▶ [Exercise description]:
Reproduce the listing below in full and exactly; no pictures belong in the copy.

══ Information provided

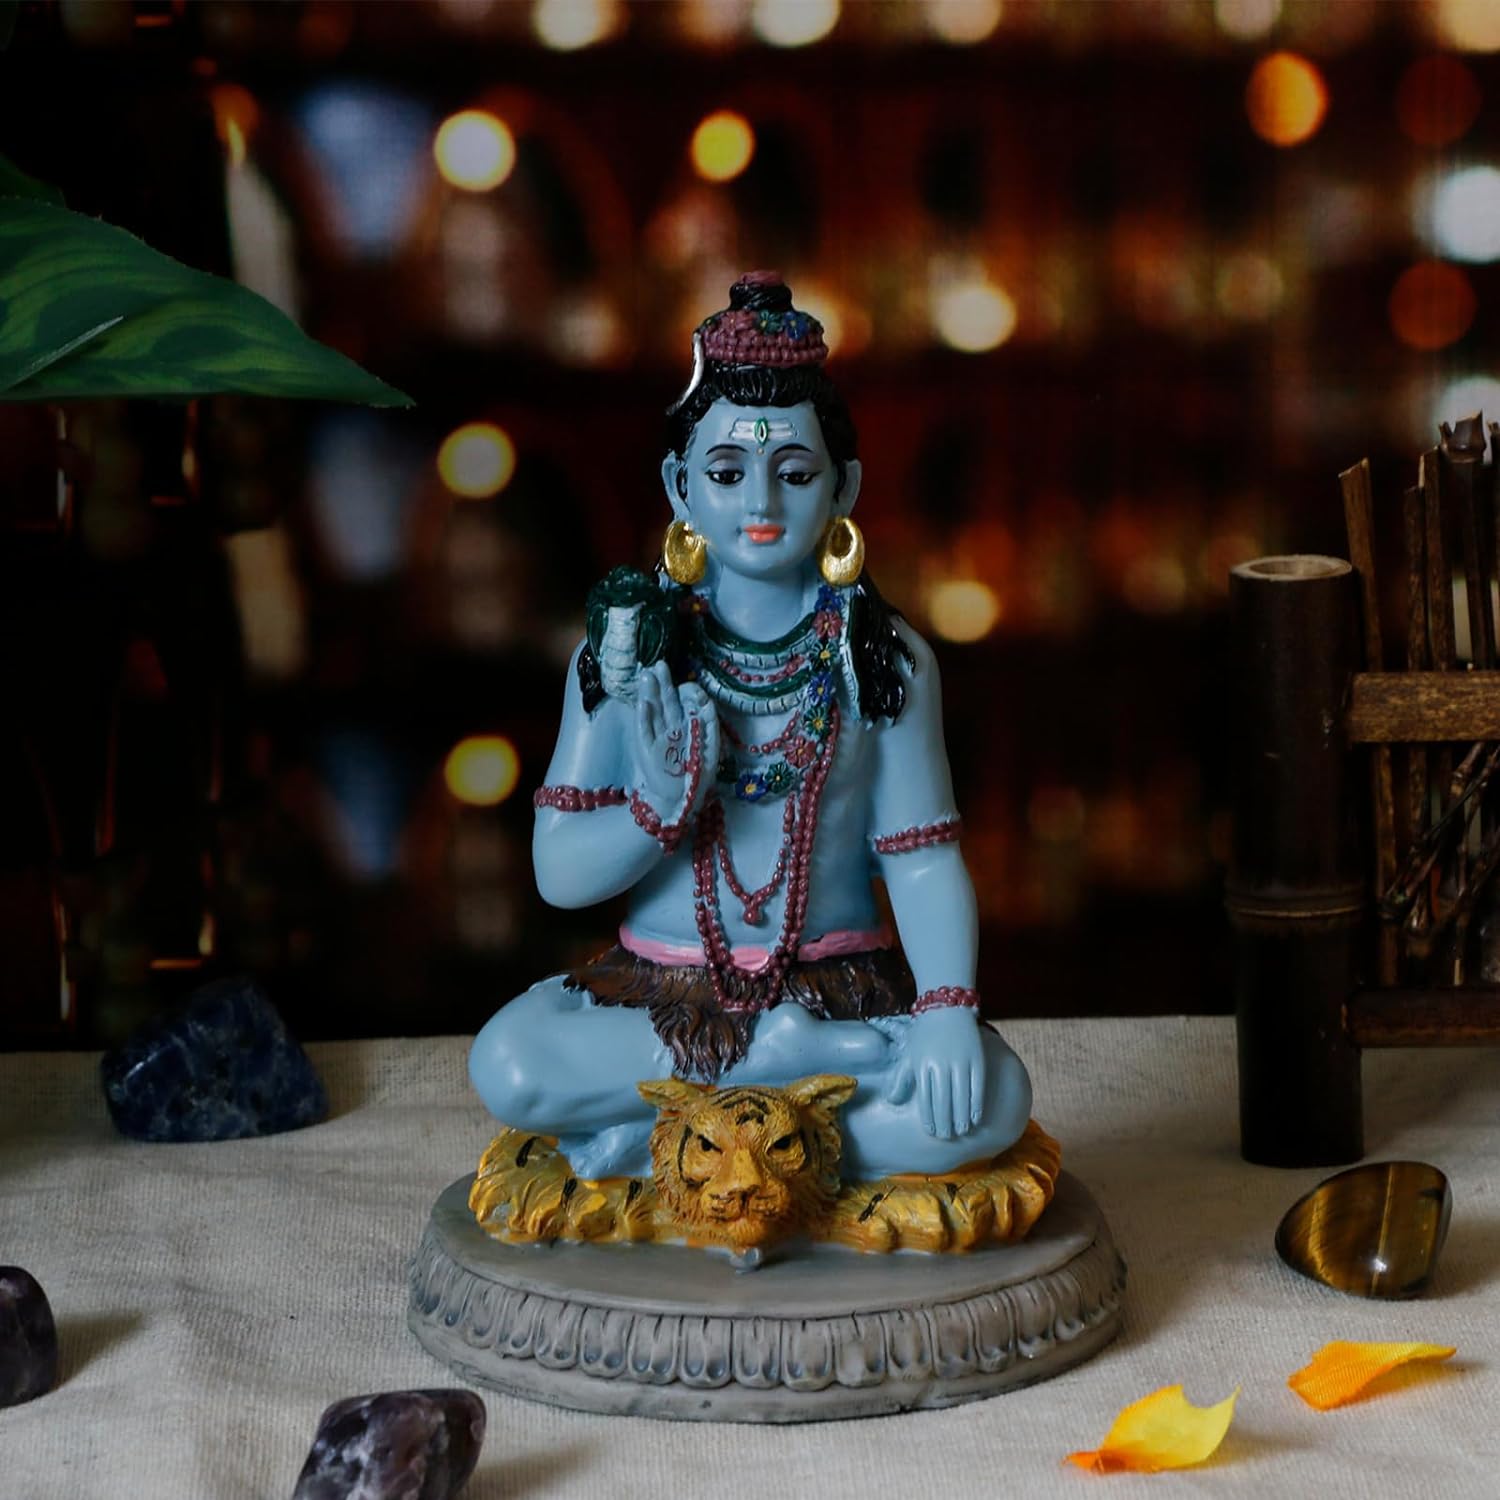 Hindu God Lord Shiva Statue - 5.7”H Shiva Idol Murti Pooja Item Puja Diwali Gifts for Indian Wedding Baby Shower Housewarming Return Gifts for Guest Altar Meditation Yoga Room Spiritual Decor
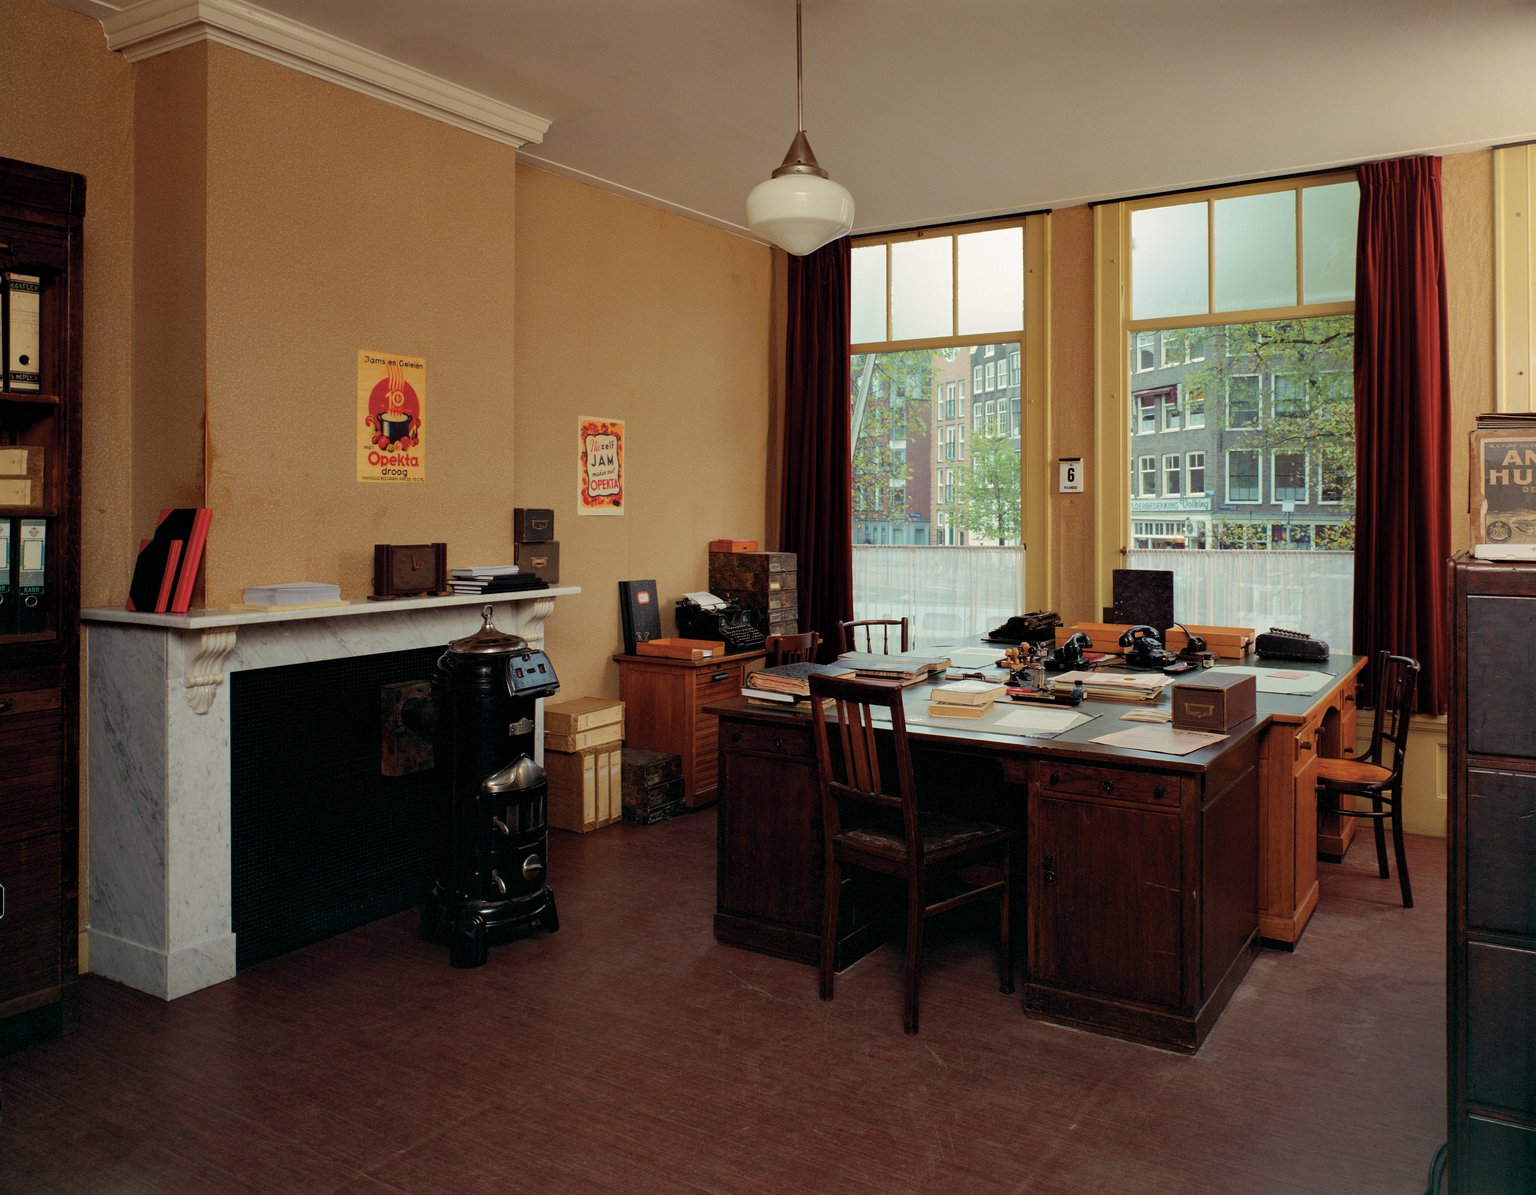 The office of Johannes Kleiman, Miep Gies and Bep Voskuijl, reconstruction (1999).
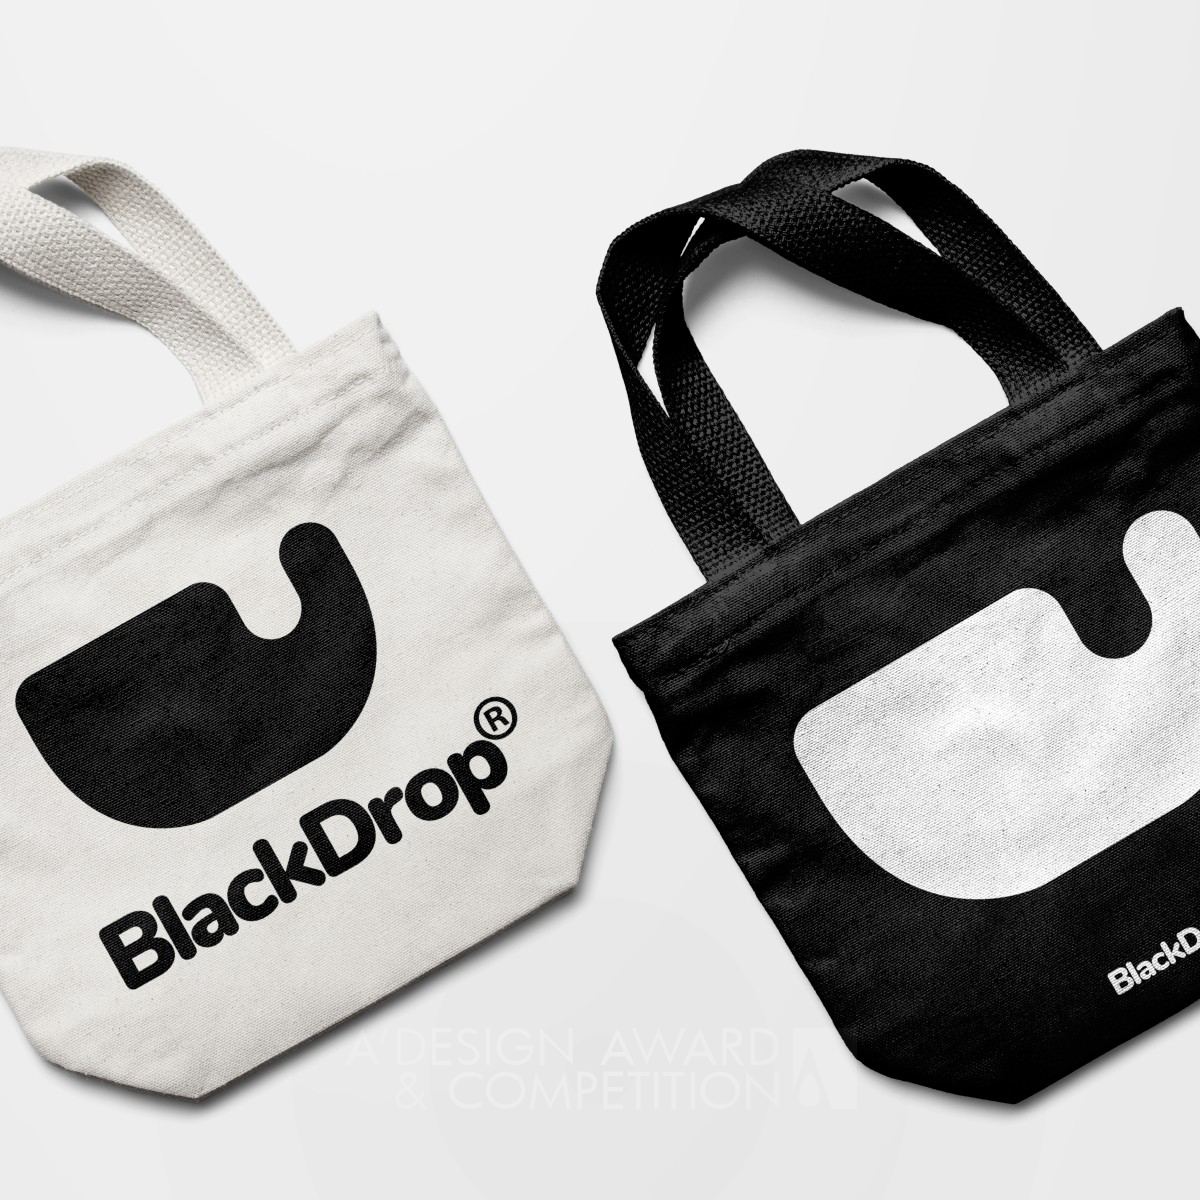 BlackDrop Brand Identity by Aleks Brand

════

▶ [Task response]:
 Hindu God Lord Shiva Statue - 5.7”H Shiva Idol Murti Pooja Item Puja Diwali Gifts for Indian Wedding Baby Shower Housewarming Return Gifts for Guest Altar Meditation Yoga Room Spiritual Decor
 The office of Johannes Kleiman, Miep Gies and Bep Voskuijl, reconstruction (1999).
 BlackDrop Brand Identity by Aleks Brand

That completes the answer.